Niemal co roku jesienią loki stają się jednym z najgorętszych trendów. Mają je modelki pojawiające się na wybiegach, nic więc dziwnego, że same również podejmujemy próby podążania ich śladem. Pełna objętości fryzura sprawia, że łatwiej jest nam przetrwać czas jesiennej szarości, coraz dłuższych wieczorów i nieustannie siąpiącego deszczu. Niestety, nie każda z nas może pochwalić się naturalnymi lokami, a eksperymenty z lokówką nie zawsze przynoszą oczekiwane przez nas rezultaty. Warto więc poznać kilka przydatnych sztuczek, które sprawią, że loki będą się trzymać.
Jak korzystać z lokówki?
Gdy loki nie spełniają naszych oczekiwań, często wychodzimy z założenia, że winny jest przede wszystkim niskiej jakości sprzęt. Nie każda lokówka jest w stanie sprostać naszym oczekiwaniom, bardzo często jednak winna jest nie ona sama, a stosowana przez nas technika pozostawiająca nieco do życzenia. W pierwszej kolejności pamiętajmy więc o tym, aby kręcić loki u samej nasady. Dzięki temu będą one bardziej trwałe sprawiając jednocześnie wrażenie naturalnych. Nie zaszkodzi także, jeśli pozbędziemy się nawyku puszczania pasma zaraz po jego zakręceniu. Najlepiej zamiast tego przytrzymać je jeszcze przez chwilę, by przeciwdziałać ryzyku jego rozprostowania.

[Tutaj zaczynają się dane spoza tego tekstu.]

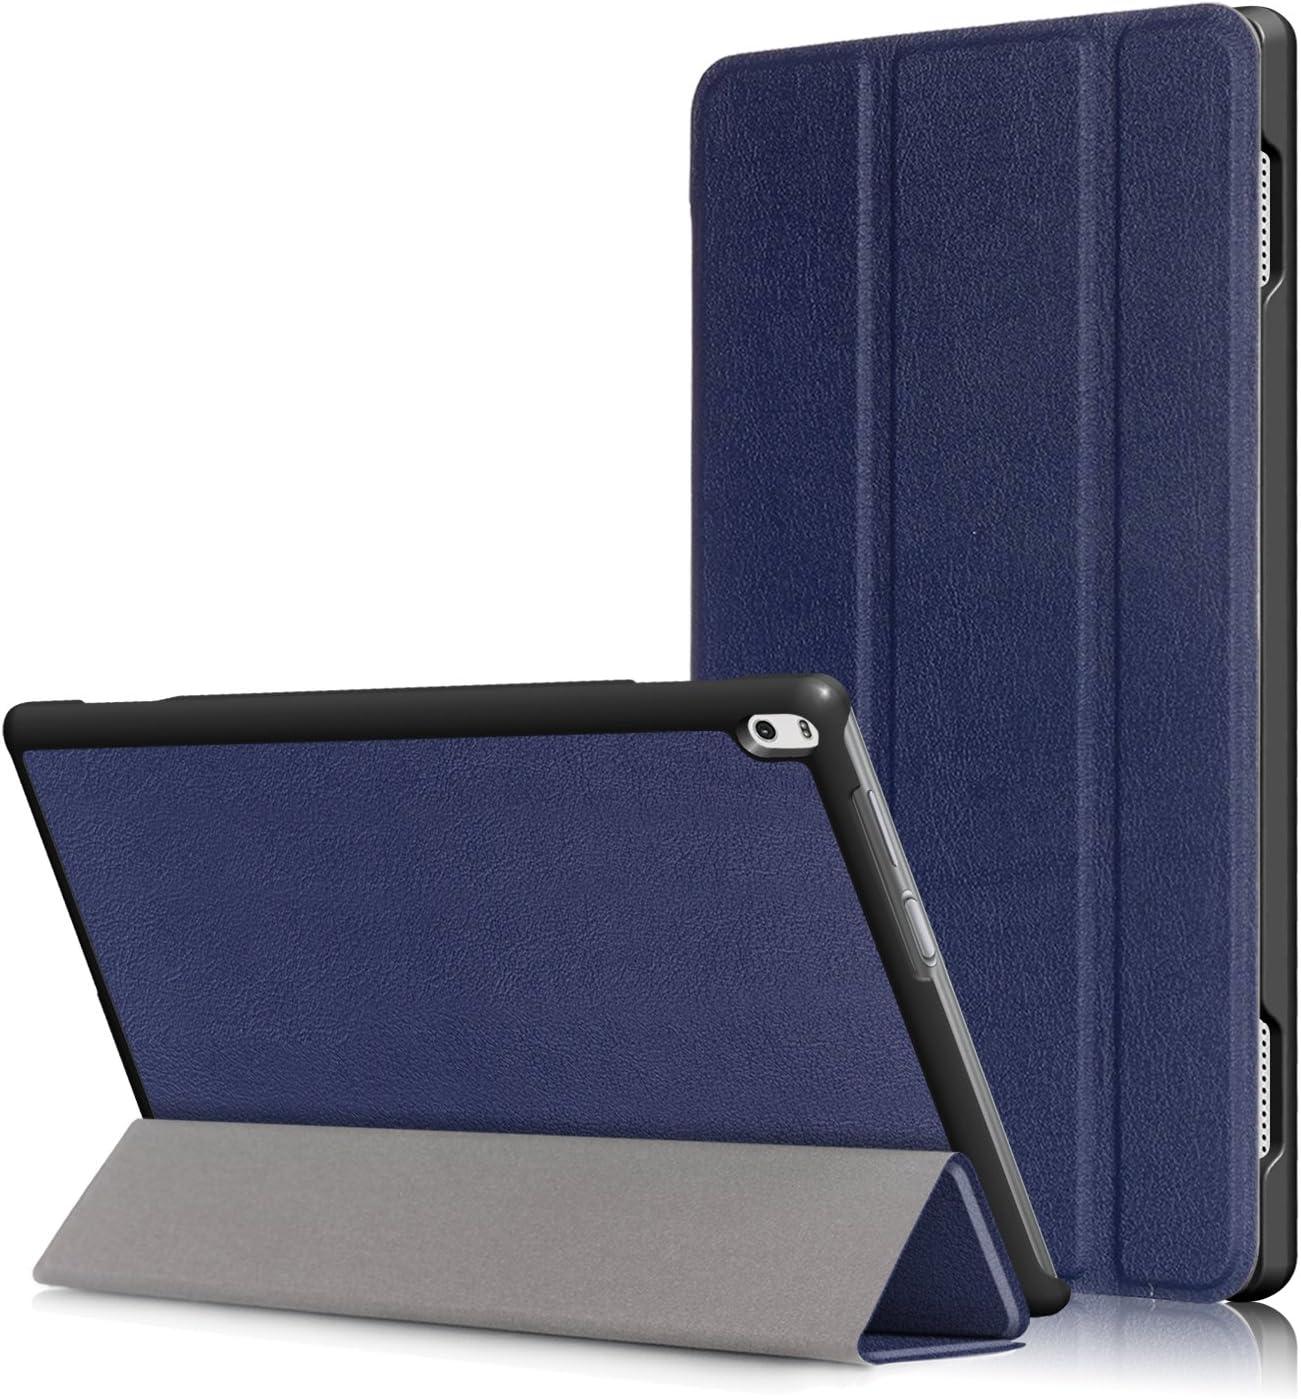 "Lenovo Tab 4 10"" Case, EpicGadget(TM) Lenovo Tab 4 10 (TB-X304F/N) Tri-fold Stand Ultra Lightweight Slim Cover PU Leather Case For Lenovo Tab 4 10"" (2017) (Navy Blue)"

Już te proste zmiany w technice lokowania mogą przynieść fenomenalne rezultaty, a przecież nie są one jedynymi, które warto wprowadzić. Dobrze jest pamiętać także o tym, że na nasze loki lub fale wpływ ma także średnica lokówki. Im jest ona większa, tym grubsze będą uzyskane przez nas loki. Jeśli zależy nam na luźniejszych lokach, dobrym pomysłem może być trzymanie lokówki nie w poziomie, jak się to zazwyczaj praktykuje, ale w pionie, a więc równolegle z włosami. Ciekawym, choć nieco zaskakującym trikiem, który pozwoli nam dłużej cieszyć się lokami jest również ten, który zakłada, że lepiej nie myć włosów w dniu ich lokowania. Świeże włosy wyglądają najzdrowiej, prawdą jest jednak to, że nie są sojusznikami fryzur, po których spodziewamy się trwałości. Nie można też zapominać, że choć lokówka jest najprostszym sposobem na uwodzicielskie fale, loki można tworzyć także nie używając ciepła. W sprzedaży bez trudu znajdziemy profesjonalne papiloty, zarówno wykonane z pianki, jak i z gumy, zawsze można jednak również testować domowe sposoby takie, jak mokre chusteczki.
Jaką lokówkę wybrać?
Wiedza o tym, jak prawidłowo korzystać z lokówki pomaga w uzyskaniu loków spełniających nasze oczekiwania, nie oznacza to jednak, że sam rodzaj lokówki stosowanej podczas pracy nie ma żadnego znaczenia. Jeśli lubimy eksperymentować z włosami, nie powinnyśmy mieć złudzeń. Nawet najwyższej klasy lokówka będzie niszczyć nasze włosy, bo wysoka temperatura prowadzi do wrzenia tej wody, która się w nich znajduje. W sprzedaży coraz częściej pojawiają się jednak lokówki z tak zwaną termoochroną i to na nich powinnyśmy skoncentrować się w pierwszej kolejności. Pamiętajmy też, że dobrze jest zaopatrzyć się model z wymiennymi końcówkami. To nieco większy koszt, ale też więcej możliwości tworzenia fryzur, które pozostają w pamięci.